Drone cameras can capture objects in high resolution and reference their location with high accuracy through geotagging. In recent years, UA are no longer only from commercial,and defense sectors, or amateur enthusiasts, but now drones are being put to another very significant use: conservation, for example, through land use mapping and getting a real time bird’s eye view on deforestation and fire hotspots.

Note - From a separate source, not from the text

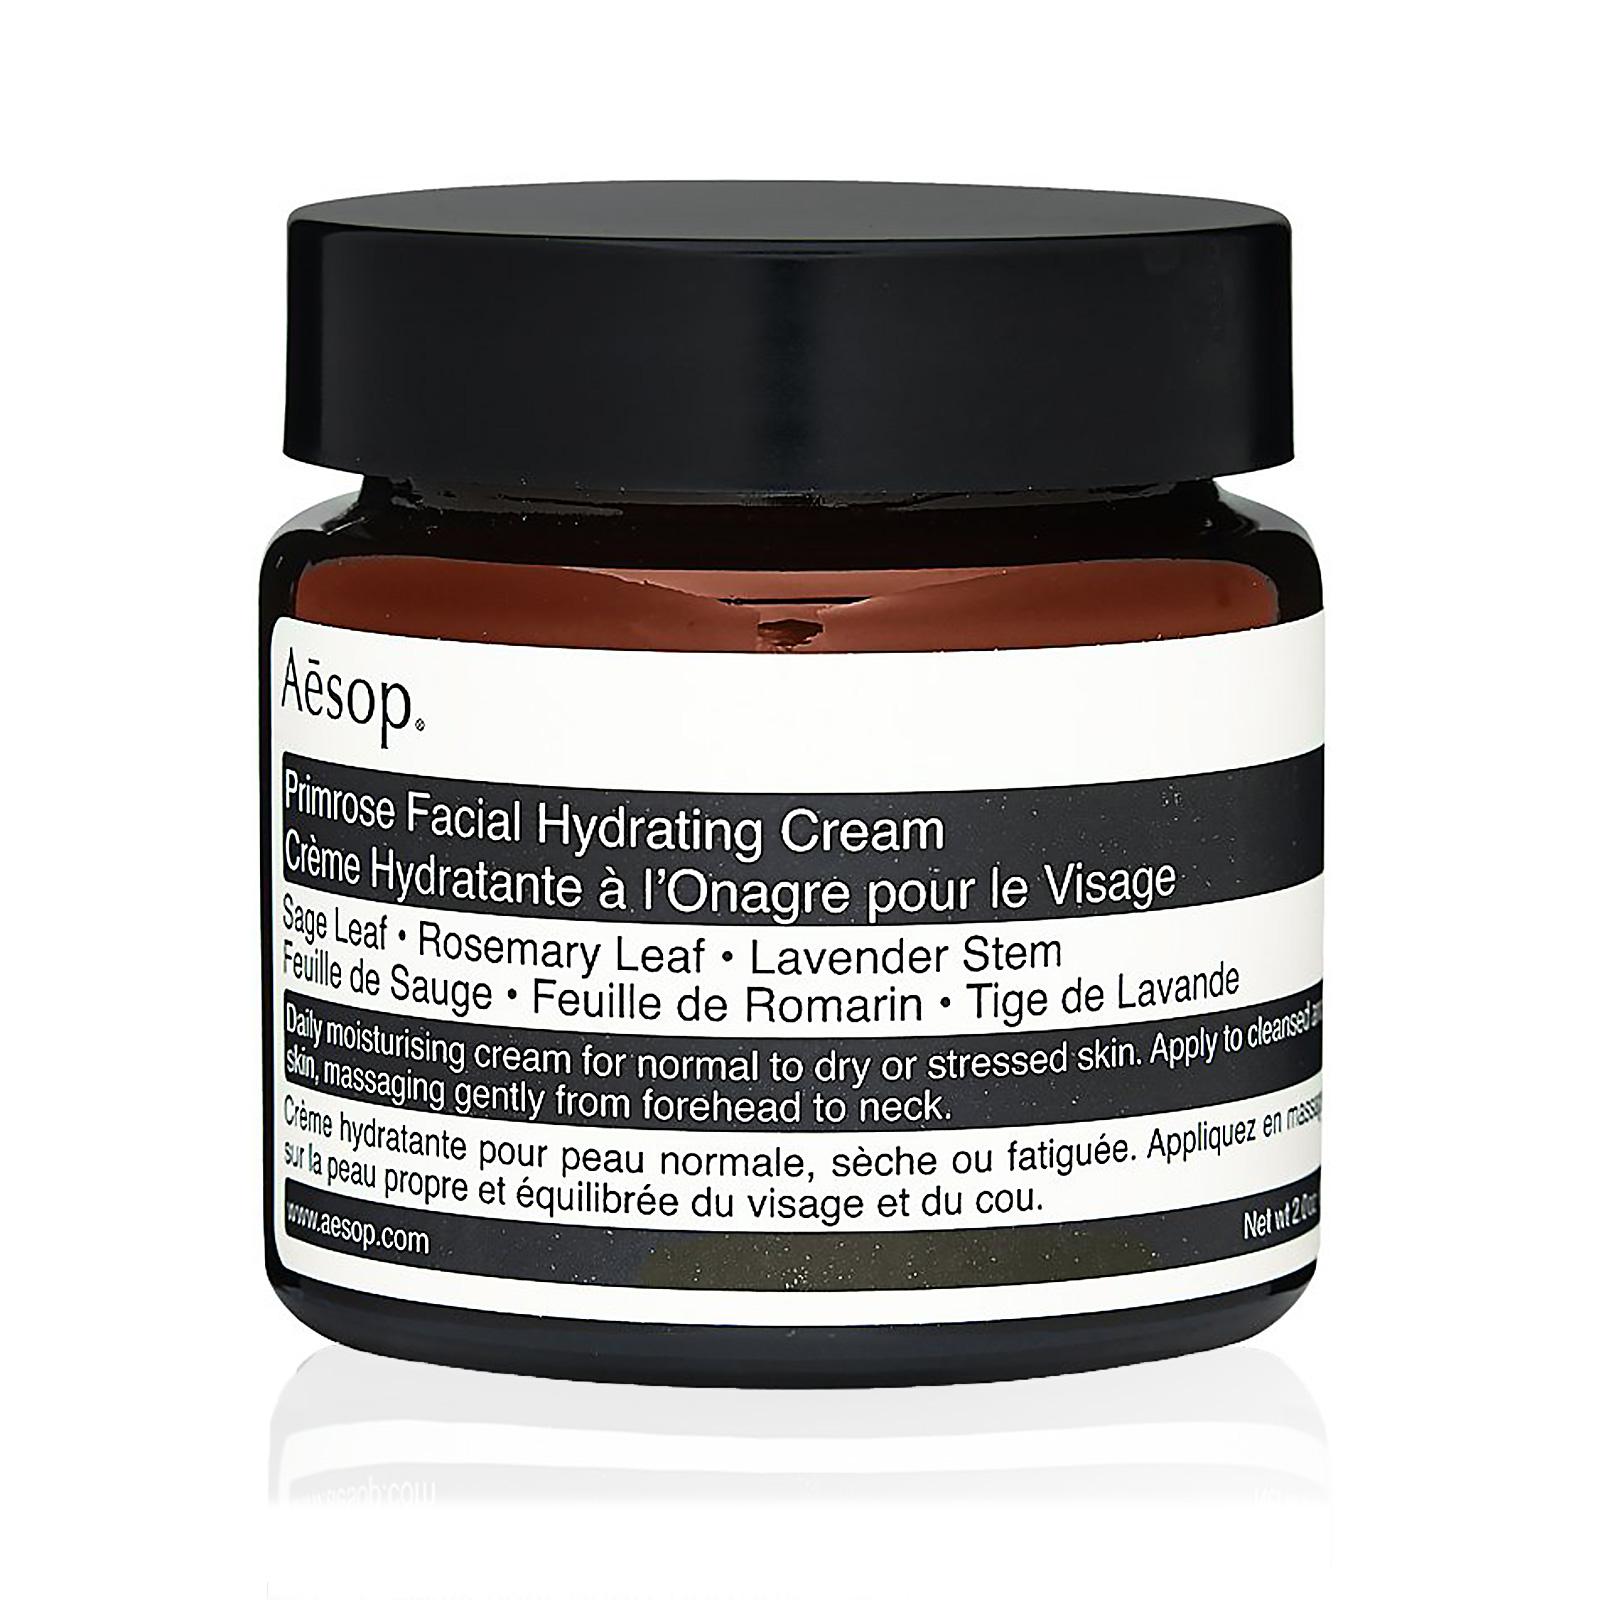 Primrose Facial Hydrating Cream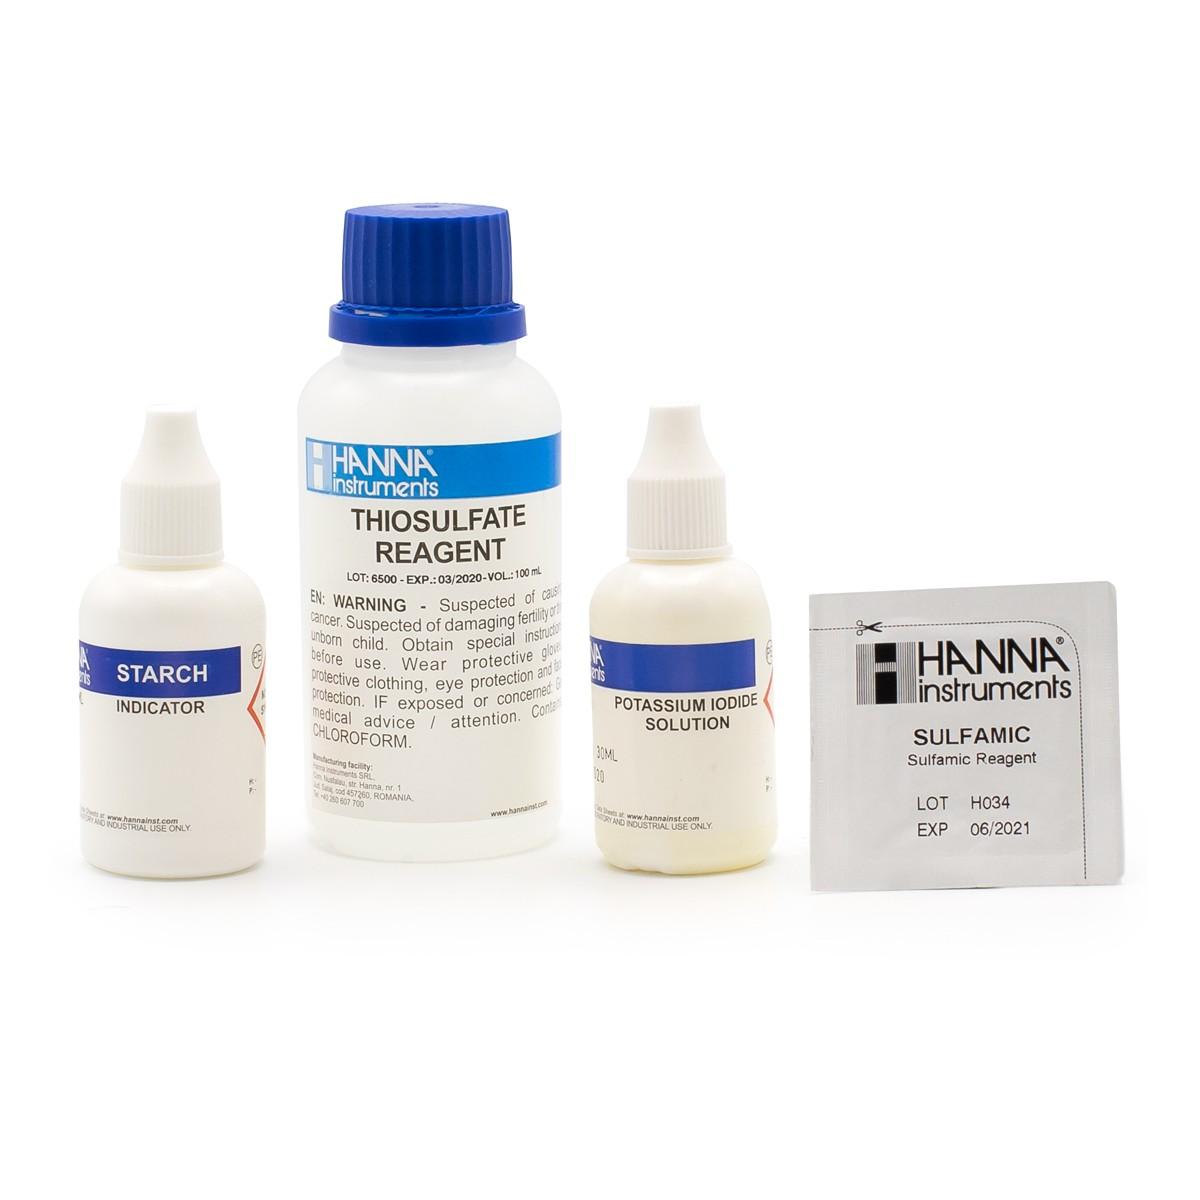 Total Chlorine High Range Test Kit Replacement Reagents (100 tests) - HI38022-100

Critical for conservation purposes, drones are able to provide real and accurate dataon forest cover conditions with high resolution to 3 cm. Drones can be used for species identification, measur the density of forest cover and surveying forest characteristics. A key advantage for mapping and ground checking, drones can reach remote locations with no land access extremely quickly which otherwise need a long time to coordinate. Photos and videos from drones provide strong evidence of wrong doings because they have embedded coordinates. Drones can also now be used for photographic and videographic business.
In remote sensing science, drones have become the easiest and the cheapest alternative. Satellite imagery can be obtained easily from sites like NASA and Google, Landsat and Google Earth. However NASA and Google Earth can only be accessed at certain times. With drones we can go and get images whenever we want to.